WHEREAS, the Issuer and the Trustee have heretofore executed and
delivered that certain Trust Indenture dated as of March 31, 1998 (the
"Finance Indenture"), and the Issuer has issued its 12% Senior Secured Note
Due March 17, 2005 (the "Finance Note") thereunder; and
WHEREAS, Trans World Gaming Corp., TWG Finance Corp., the Issuer and
the Trustee have executed that certain Indenture dated as of March 31, 1998
(the "Primary Indenture") and the Issuers have issued their 12% Senior Secured
Notes Due March 17, 2005 (the "Primary Notes") thereunder; and
WHEREAS, the Finance Indenture provides in Section 8.2 thereof that
the Issuer, when authorized by a resolution of the Board of Directors, and the
Trustee may, with the consent of the Holders of not less than a majority in
aggregate principal amount of the Finance Notes at the time outstanding, add
any provisions to or change in any manner or eliminate any of the provisions
of the Finance Indenture or of any supplemental indenture or of modify in any
manner the rights of the Holders of the Finance Notes, except under certain
circumstances not applicable herein; and
WHEREAS, Section 11.12 of the Finance Indenture provides that the
Issuer and the Trustee are subject to Section 3.27 of the Primary Indenture,
which Section 3.27 of the Primary Indenture provides that where the consent of
holder of the Finance Note under the Finance Indenture is required, consent of
the same percentage of Securityholders (holders of Primary Notes) under the
Primary Indenture shall be required as well; and
WHEREAS, the Issuer and the Trustee, with the consent of a majority
of the holders of the aggregate principal amount of the Finance Notes and the
Primary Notes outstanding, now desire to amend the Finance Indenture for the
purpose of modifying certain provisions of the Finance Indenture to clarify
that the Collateral securing the Finance Notes may be transferred or
substituted in order that the collateralization of the Finance Notes may
comply with certain changes in the laws of the Czech Republic, without which
substitution the interests of the Finance and Primary Noteholders would be
materially adversely affected; and
WHEREAS, the Issuer and the Trustee, with the consent of a majority
of the holders of the aggregate principal amount of the Finance Notes and the
Primary Notes outstanding further
-1-
desire to amend the Finance Indenture to clarify that the Collateral securing
the Finance Notes shall not include Trans World Leasing Limited, a Gibraltar
legal entity, for the reason that this entity shall not be a Subsidiary of the
Issuer, and that all functions which this entity was to perform in relation to
the Issuer's operation in the Czech Republic are to be performed by the Cyprus
Entity, as that term is defined in the Finance Indenture; and
WHEREAS, the execution and delivery of this Supplemental Indenture
has been duly and validly authorized in all respects by the Board of Directors
of the Issuer; and
WHEREAS, the Trustee is a party to this Supplemental Indenture in
order to acknowledge its acceptance of the terms and provisions hereof and to
evidence its consent to the amendments to the Indenture made hereby.

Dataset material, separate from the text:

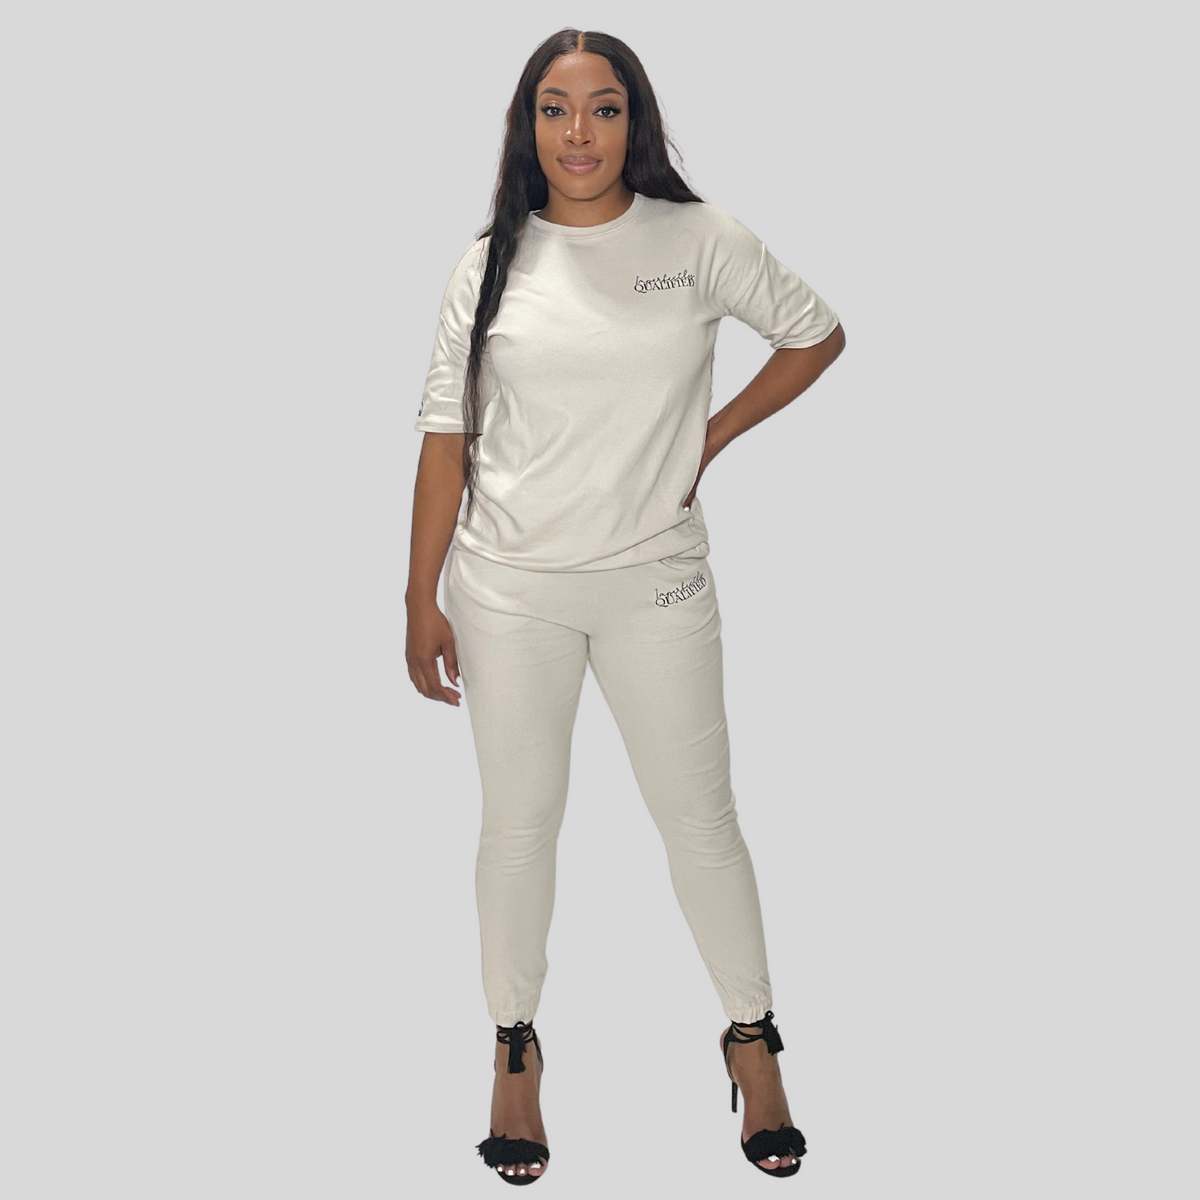 Ladies Essential Set, Inspirational Apparel, ImperfectlyQualified

NOW, THEREFORE, in consideration of the mutual understandings,
promises and agreements herein contained and other good and valuable
consideration, the sufficiency of which are hereby acknowledged, the Issuer
and the Trustee do covenant and agree hereby, for the equal and proportionate
benefit of the respective Holders from time to time of the Finance Notes, as
follows:
ARTICLE I
DEFINITIONS AND STATUTORY AUTHORITY
Section 1.1. SUPPLEMENTAL INDENTURE. This Supplemental Indenture
is a Supplemental Indenture, and is adopted in accordance with Article 8 of
the Finance Indenture.
Section 1.2. DEFINITIONS.
(A) Unless the context shall require otherwise, all defined terms
contained in the Finance Indenture shall have the same respective meanings in
this Supplemental Indenture as such defined terms are given in the Finance
Indenture.
(B) As used in this Supplemental Indenture, except as otherwise
expressly provided or unless the context shall require otherwise:
(1) This "Supplemental Indenture" means this instrument as
originally executed or as it may, from time to time, be supplemented or
amended by one or more supplemental indentures hereto entered into pursuant to
the applicable provisions of the Finance Indenture.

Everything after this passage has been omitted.